Canadian novelist and biographer (1858-1938)

Jean Newton McIlwraith (December 28, 1858 – November 17, 1938) was a Canadian novelist and biographer. Her works include children's books, 1 opera, and historical romances, such as The Curious Career of Roderick Campbell (1901), A Diana of Quebec (1912), and Kinsmen at War (1927).

==Biography==
McIlwraith was born in 1858 in Hamilton, Canada West. Her parents were Mary Park and Thomas McIlwraith, a noted ornithologist. She attended the Wesleyan Ladies College and studied modern literature through a correspondence program with Queen Margaret College of the University of Glasgow. From 1902 to 1919 she worked in New York City for publishing companies and achieved the position of head reader at Doubleday, Page and Co. In 1919 she returned to Canada to devote her time to writing. She suffered from arteriosclerosis and died from pneumonia in Burlington, Ontario in 1938.

==Works==
McIlwraith published one opera and several books in the genre of romance and historical fiction. She also published numerous short stories which appeared in magazines such as Harper's, Atlantic Monthly and Cornhill Magazine.

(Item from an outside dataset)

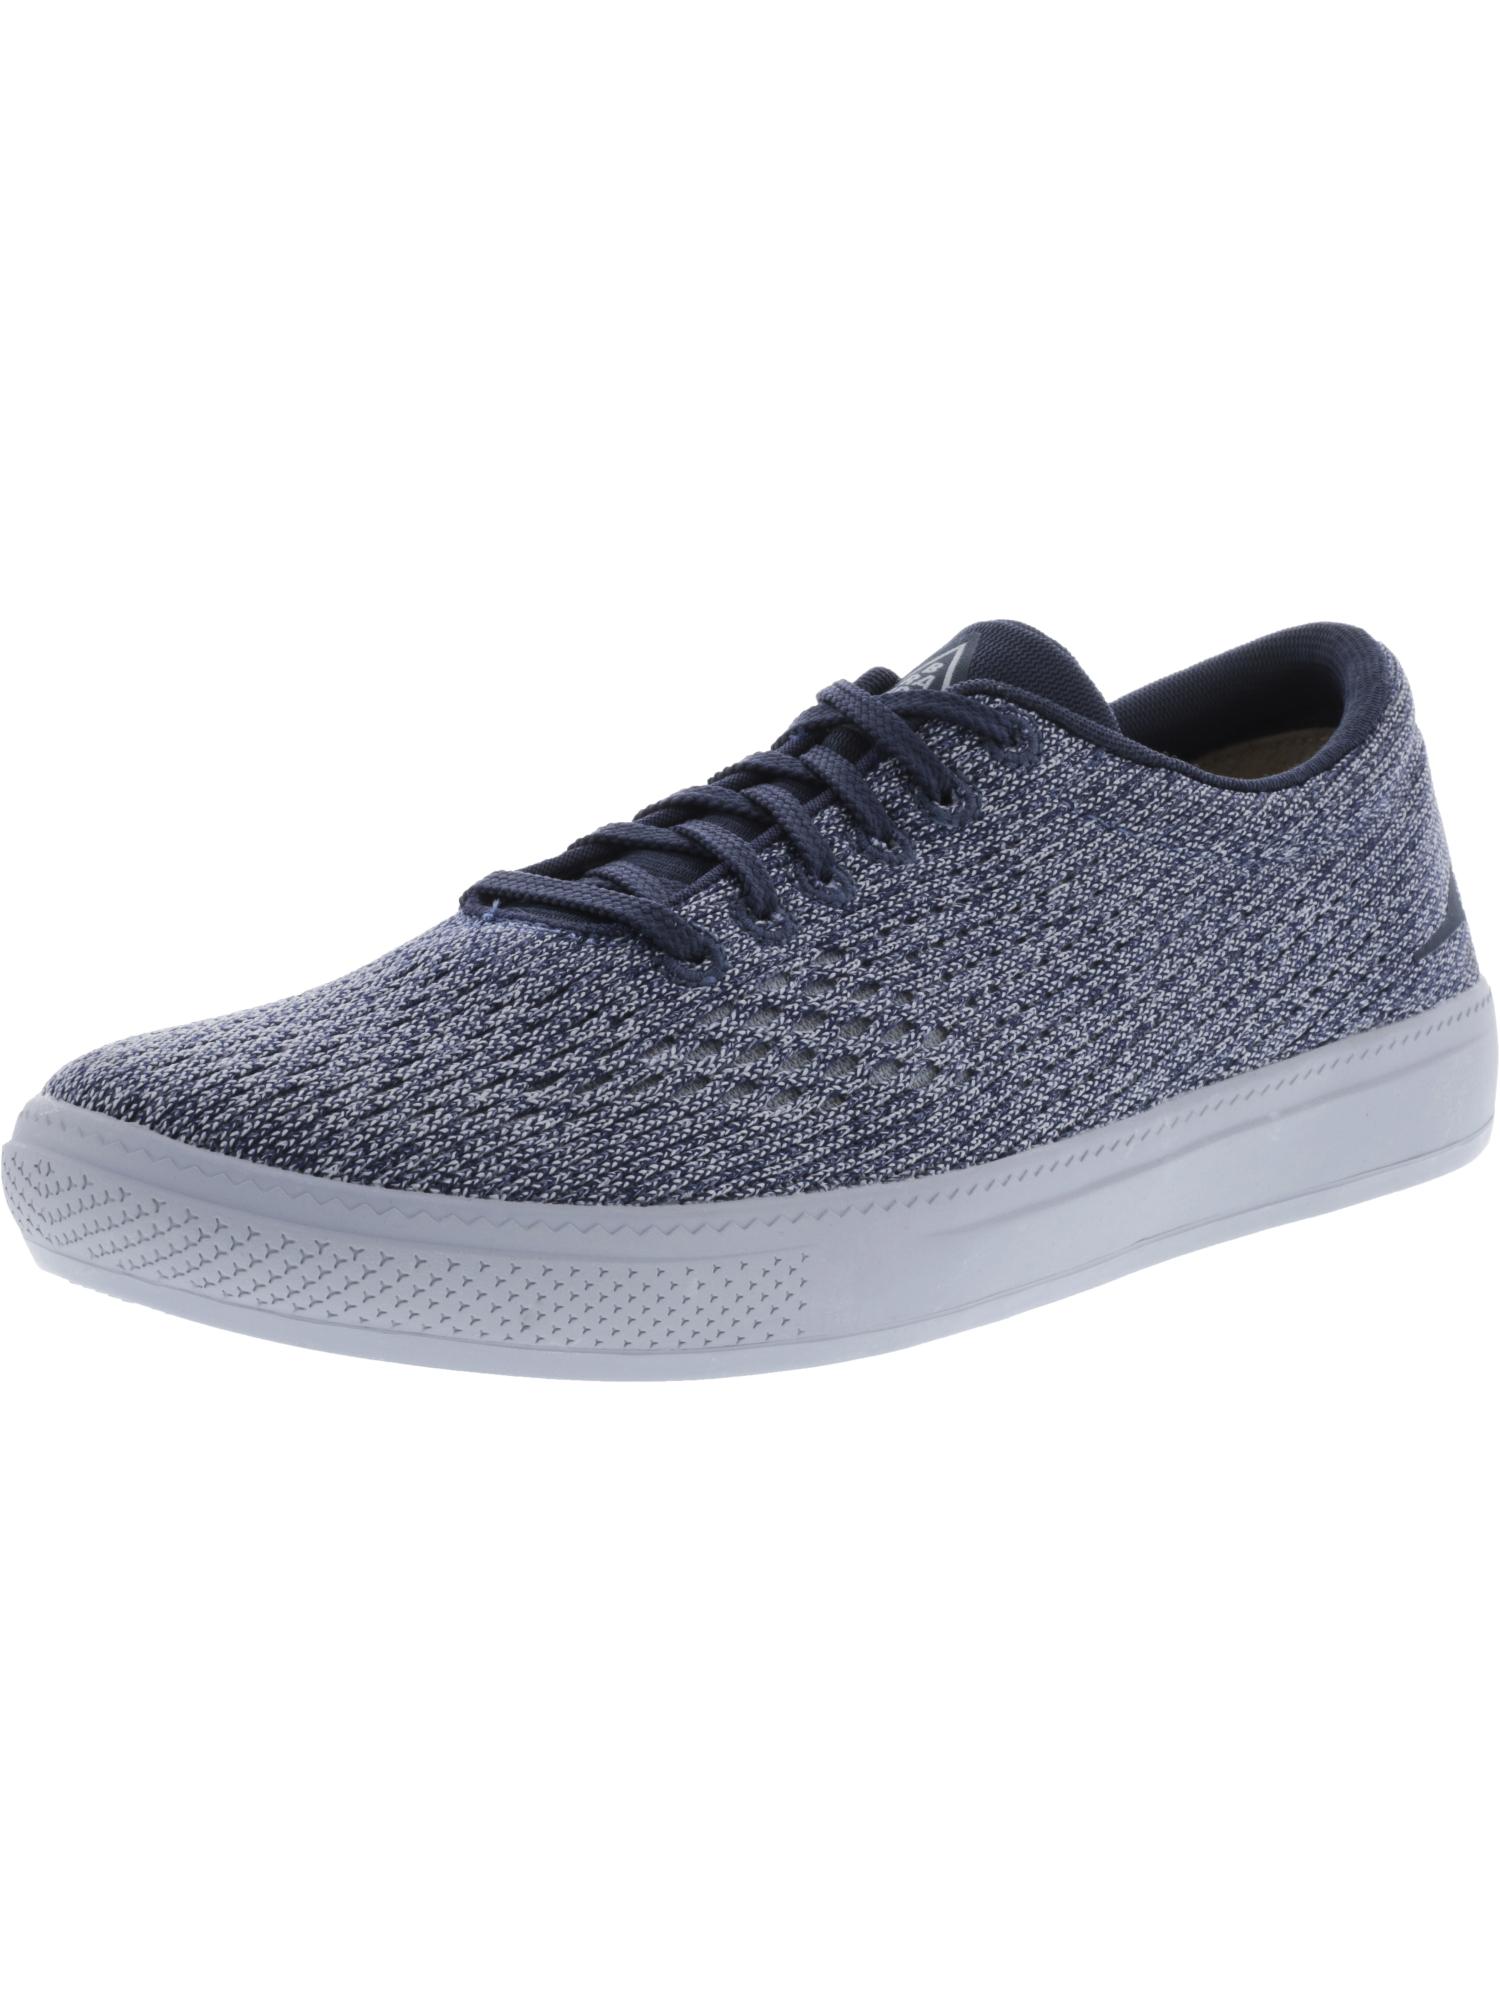 premium selection 4404c e1d28 ... Brandblack Men s August August August Ii Ankle-High Fashion Sneaker  533fa5

- Ptarmigan, 1895 (comic opera, co-authored with John Aldous).
- The Making of Mary, 1895 (pseud. Jean Forsyth).
- The Span o' Life: a Tale of Louisburg and Quebec, 1899
- Canada, 1900.
- The Curious Case or Roderick Campbell, 1901.
- A Diana of Quebec, 1912. A fictional account of the romantic triangle, and relationships, between Captain Robert Mathews, Miss Mary Simpson, and Horatio Nelson.
- Kinsmen at War, 1927.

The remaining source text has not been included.